Accounting, Practice Management

Pricing behaviour needs to change

Accounting client pricing

Formulating an appropriate price to charge accounting clients must be driven by what the practice feels the advice is worth and not unrelated, external factors.

For accounting practices to be properly remunerated for the services they provide to a client, the practice manager and other business principals must change their attitudes toward pricing, a practice development specialist has said.

“So many of us are marketed systems, pricing methodologies, but it’s pricing behaviour, pricing mindset that starts this journey and you’ve got to win your first client. Your first client is you,” Upward Spiral Professionals founder Martin Bissett said during the latest Accurium technical webinar.
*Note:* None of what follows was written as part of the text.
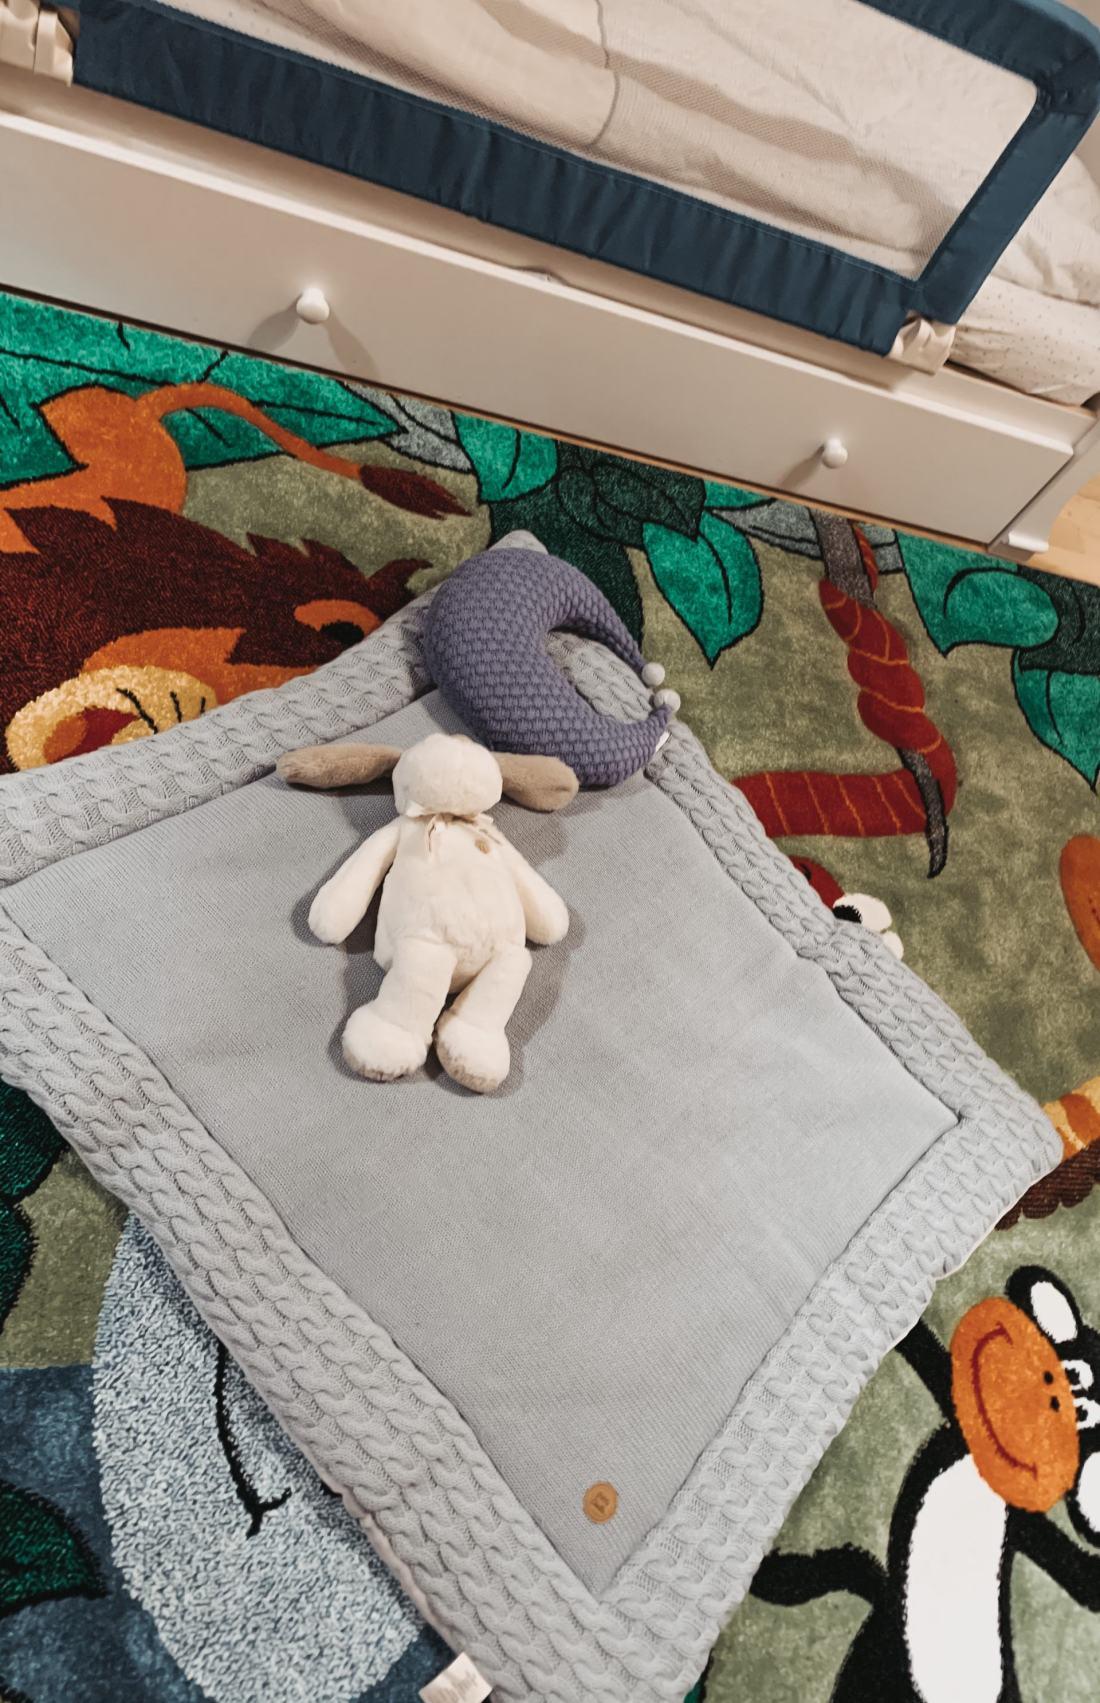 baby-nursery-room-essentials-play-pen-mat-www.stylinglifetoday.com

“You need to believe that you’re worth $2500, $3500, $10,500, $114,000, however much it is because if you can’t justify it to you, you can’t justify it to your client either.”

Bissett has identified that fear is the most common factor preventing accountants from charging their clients an accurate service fee.

To this end, he noted practitioners can and will often cite multiple reasons for not charging a sufficiently high price and provided examples of some of the more common excuses, but emphasised this should never disguise the fact that fear is the biggest deterrent for establishing a proper pricing level.

“I can hear the complaints department now [saying:] ‘But Martin, you don’t understand, the client will say no,’ [or] ‘But Martin, you don’t understand, we work in a highly price-sensitive, commoditised market,’ [or] ‘But Martin, you don’t understand, I’m scared,’” he said.

“I only actually believe the third one.

“If 22 years of being in so many managing partners’ offices and in so many clients’ offices and in so many prospects’ offices has taught me anything, it’s taught me that most price objections live in your head rather than anywhere else.”

According to Bissett, it is imperative for accountants to give themselves the permission to charge the client a price they actually want to charge.

During the same presentation, he advised practitioners not to grant price discounts to clients unless they received something of equal or greater value in return.